Return the listing below unchanged, but without pictures.

[MATERIAL PROVIDED]:
*** Block opens ***
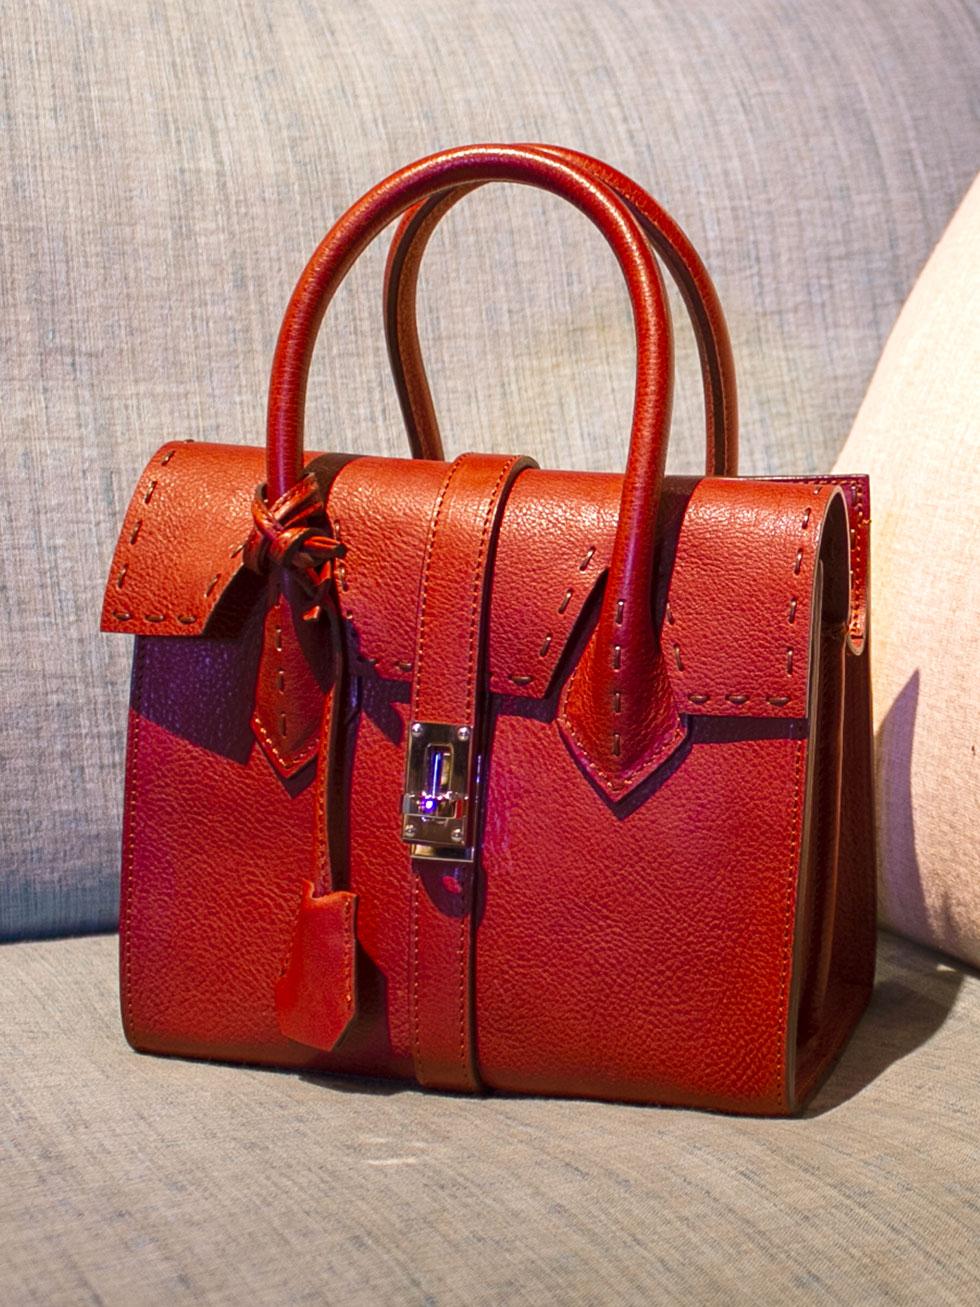 クラシカルで上品なのにカジュアルでもOKの本革バッグ「GIULIA」
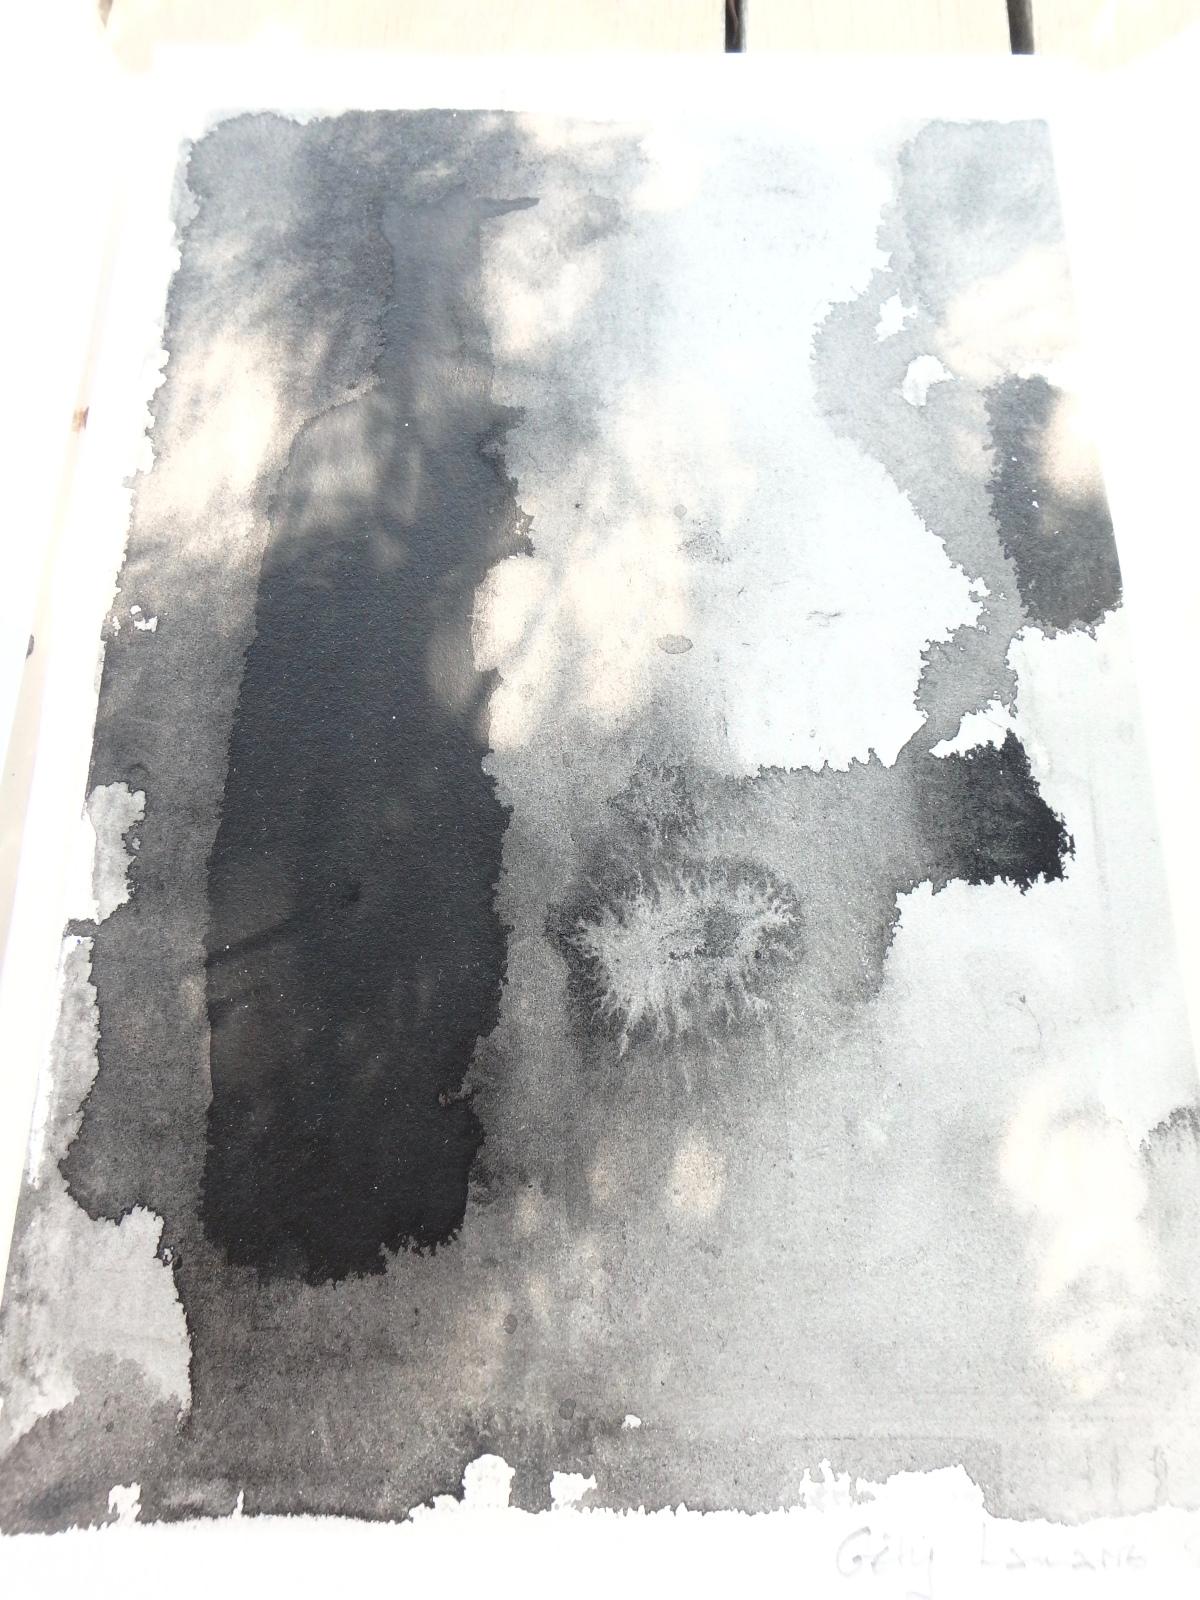 Géry Lamarre, Rivages de la nuit, poèmes et peintures, édition unique,2018
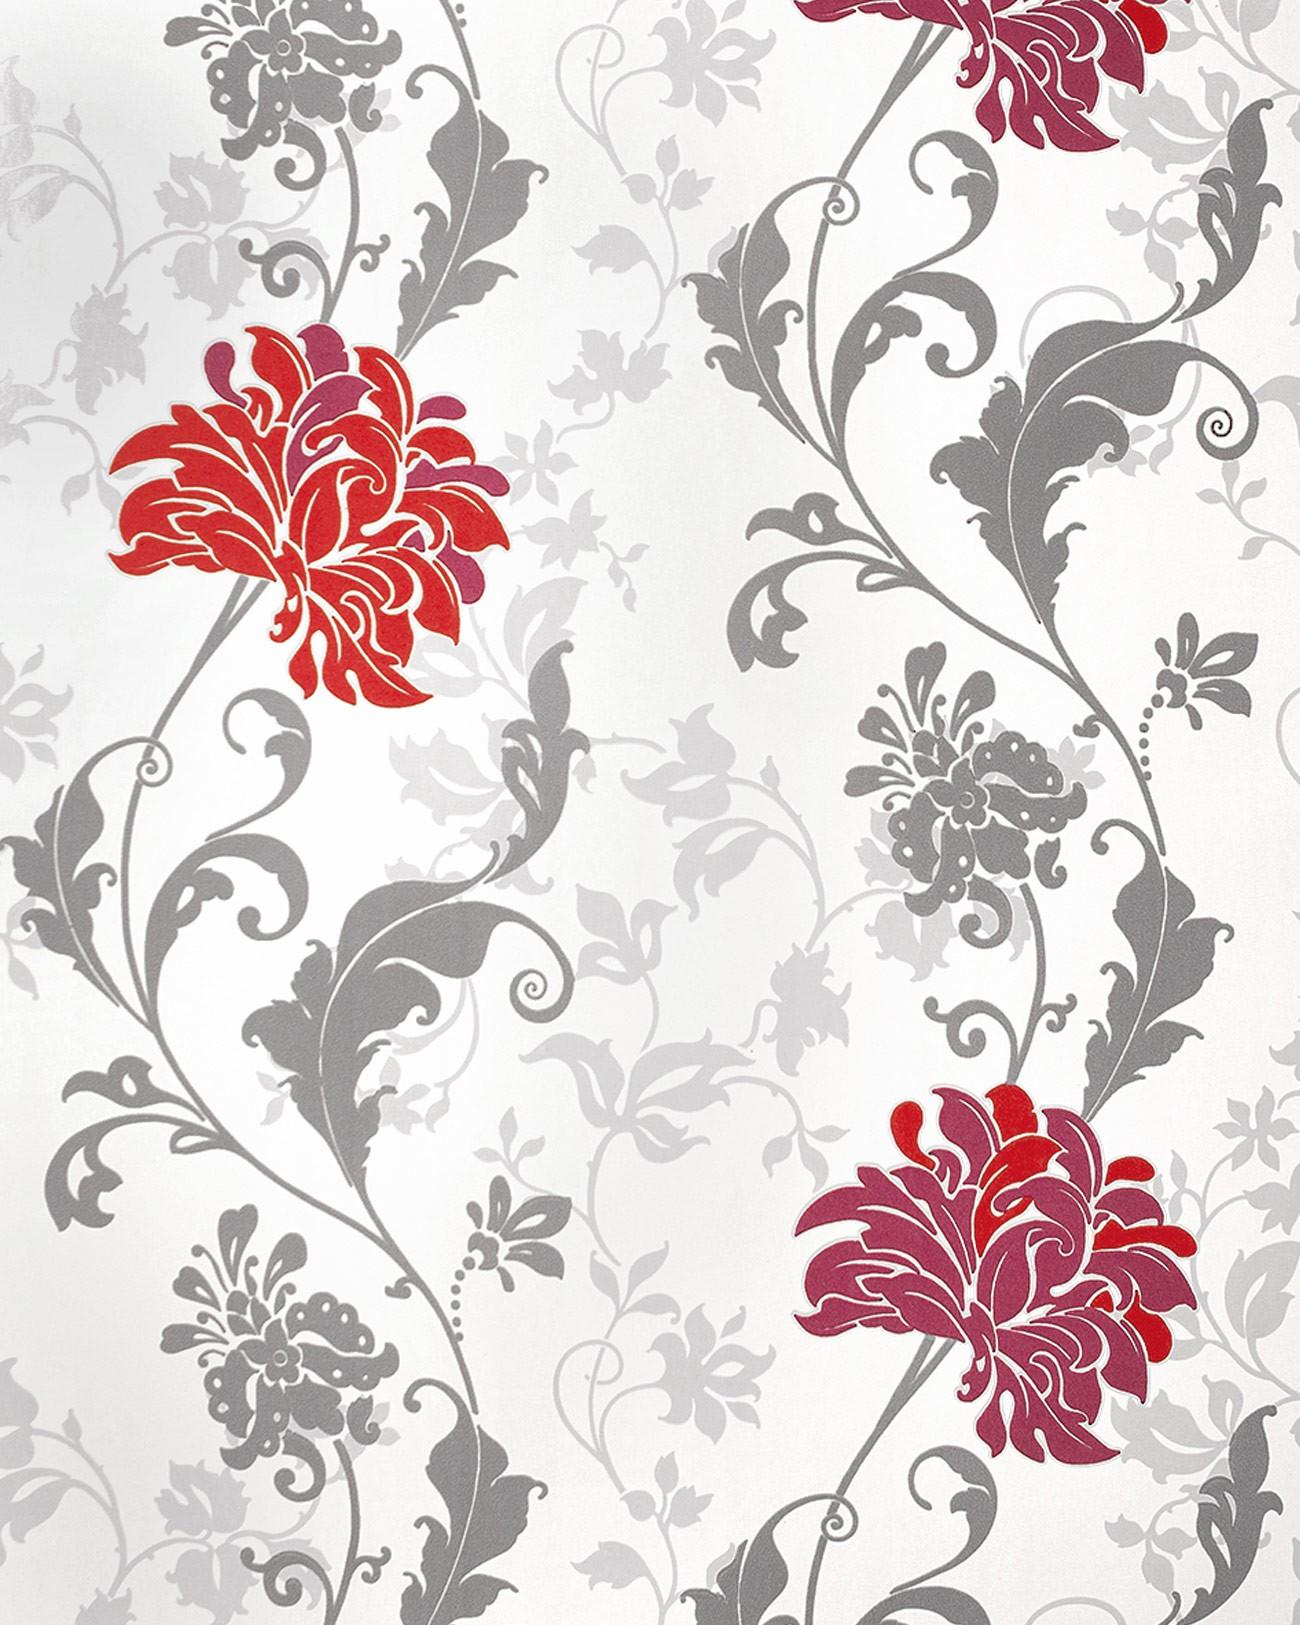 Papier peint floral edem 833 25 dessin pr cieux fleurs et for Papel pintado rojo y blanco
*** Block closes ***
[RESULT OF THIS TASK]:
 クラシカルで上品なのにカジュアルでもOKの本革バッグ「GIULIA」
 Géry Lamarre, Rivages de la nuit, poèmes et peintures, édition unique,2018
 Papier peint floral edem 833 25 dessin pr cieux fleurs et for Papel pintado rojo y blanco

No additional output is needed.